Recent studies indicate that not only inflammatory cells but also neural mechanisms by which tachykinins such as substance P (SP) and neurokinin A (NKA) are released from vagal afferent C-fiber contribute to asthma. Although ketamine (K) has been used in the anesthetic management of asthmatic patients, the mechanism by which K relaxes the airway smooth muscle is still uncertain, and no information exists on any differential effect of K and its isomers. We determined the spasmolytic effect of racemic [R(±)]K and its isomers S(+) K and R(-) K on SP and NKA-induced contraction of tracheal smooth muscle in guinea pigs.

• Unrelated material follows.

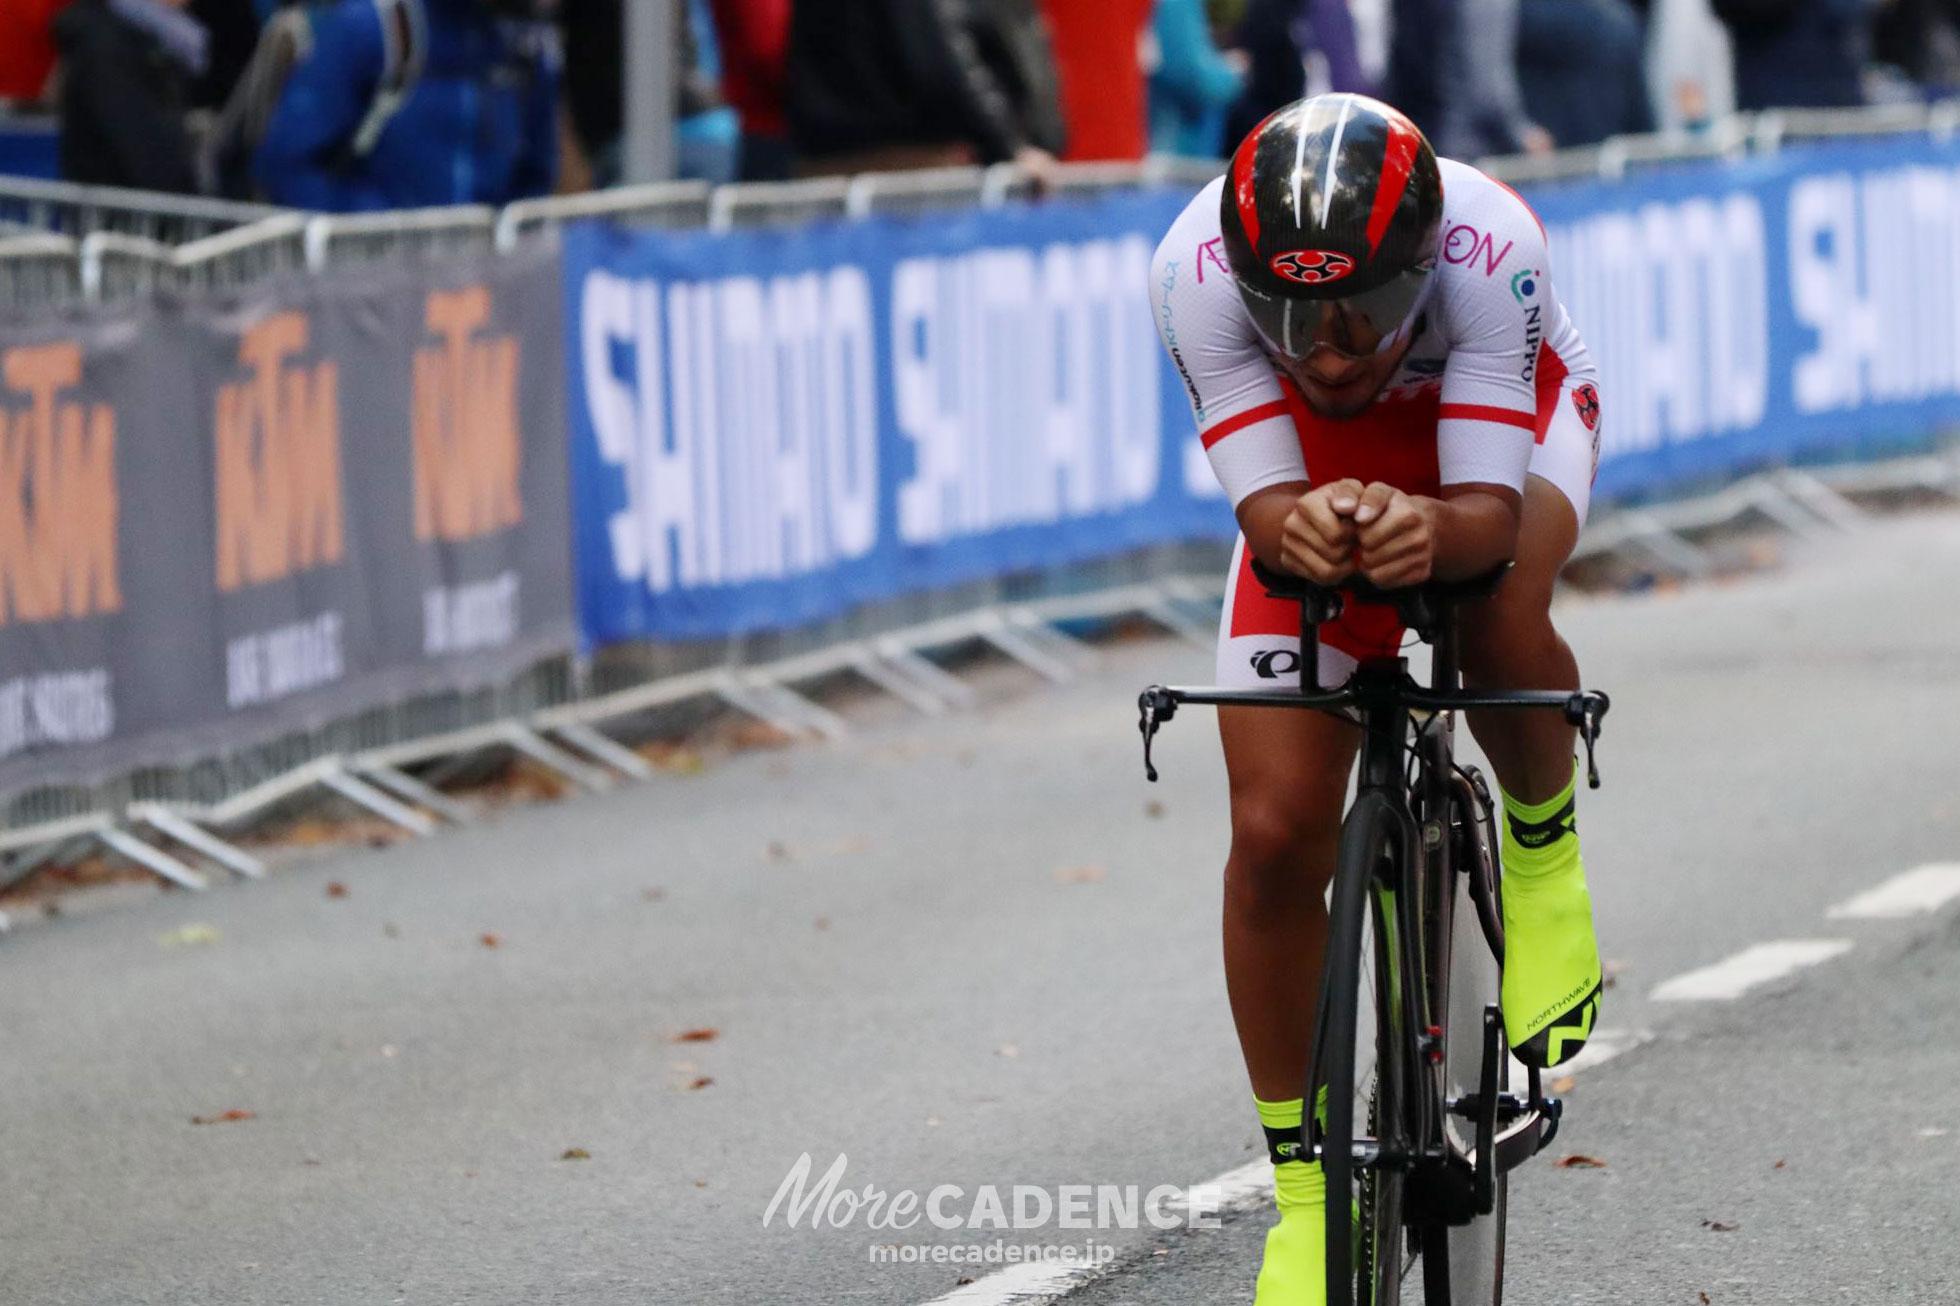 2018ロード世界選手権男子U23個人TTを走る山本大喜

Strips of guinea pig trachea were mounted in an organ bath filled with Tyrode's solution at 37°C bubbled with 95% O2/5% CO2. Strip tension was measured isometrically with a force displacement transducer. Strip contraction was elicited with SP 10(-6) M or NKA 5×10(-7) M.R(±), R(-), or S(+) K (4.5-18.0×10(-4)M) was cumulatively administered into the bath. The calculated ED50 values (the concentration that relaxed the contraction by 50%) of R(±), R(-) and S(+) K were 7.6±0.5, 7.8±0.6, and 7.6±0.5 (10(-4)M), respectively, when the contraction was elicited with SP, and 8.0±1.0, 8.2±1.2, and 7.9±1.3 (10(-4)M), respectively, when NKA was used. We concluded that K and its isomers have equipotent spasmolytic effects on airway smooth muscle precontracted with tachykinins.